I have just finished watching a BBC documentary by Adam Curtis called Normalization. The documentary film explores the interweaving narratives of cyberspace and developments in technology with the turbulent political scene over the past number of decades. This investigation into our strange contemporary situation is a very challenging and unsettling one, but particularly the look into the developments of ‘cyberspace’ has given me a number of things to think about with regards to my current practice.
Initially Cyberspace (defined as: the notional environment in which communication over computer networks occurs) can be seen to exist as a system serving corporations, but later following a number of political developments was adopted by counter-culture as a way of exercising control over a world in which the efforts of the ‘little man’ seemed in vain. It is this in particular that I am interested in – the micro control that the internet offers us in response to a contemporary culture that exists anxiously and vulnerably.

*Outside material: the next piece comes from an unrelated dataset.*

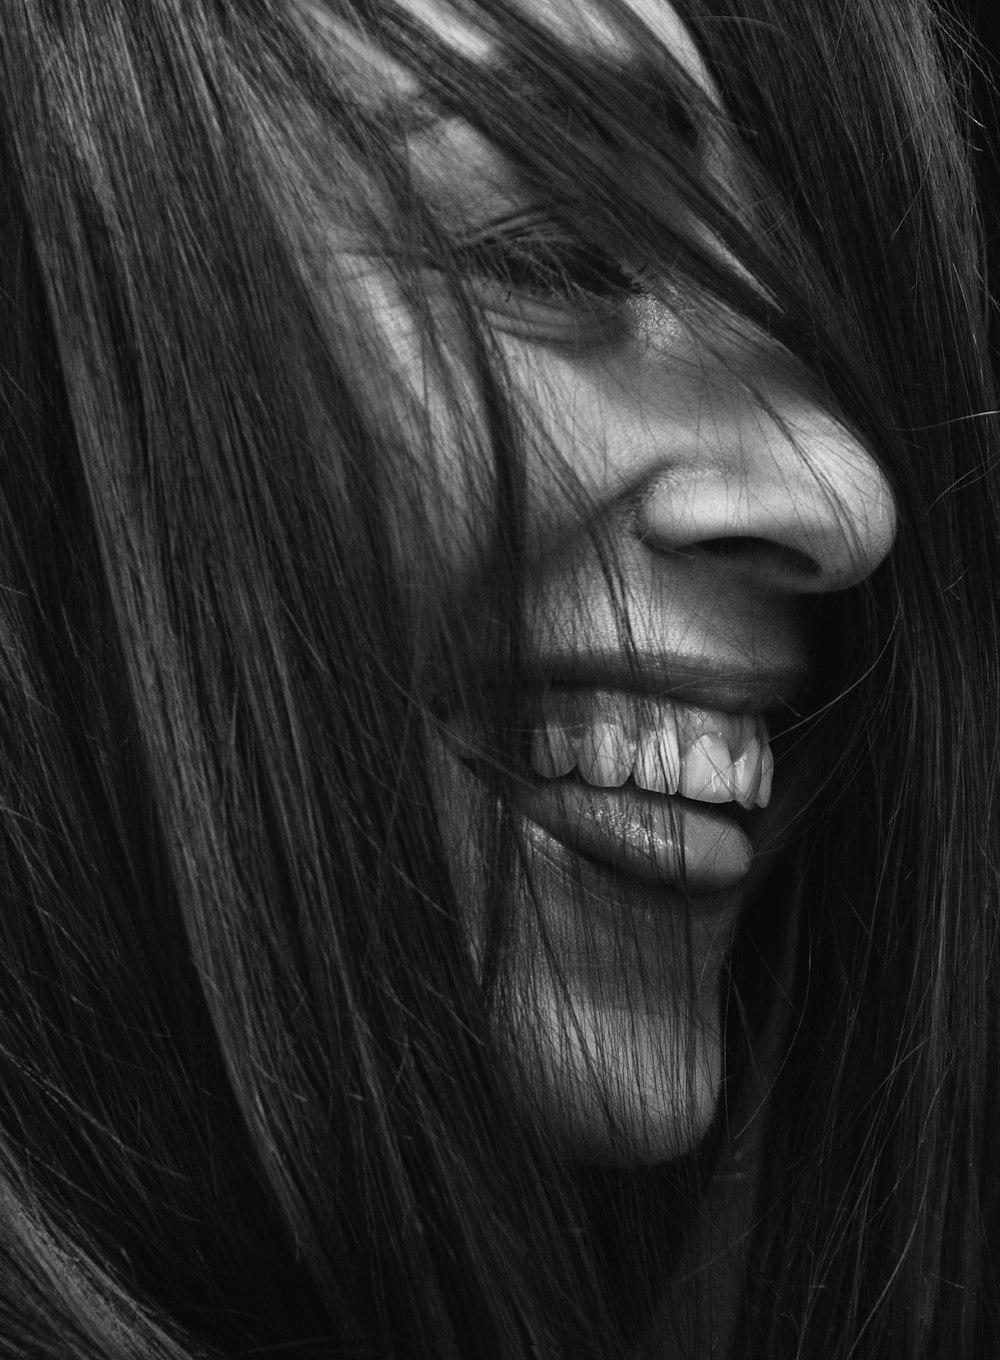 fotografia in scala di grigi di donna sorridente

The documentary proceeds to talk about how the nature of cyberspace, and the technologies developed within it, offer us a new world in which to exist, where we can present ourselves in any way want to be seen, and also be presented with the world that we would like to see. Complex algorithms guide what we are viewing by monitoring our usage and directing us to similar materials, they slowly guide us to what Curtis calls isolated ‘bubbles’ – completely oblivious to an enormous amount of information that does not fit the world we want to live in, and ignoring any information that would challenge us.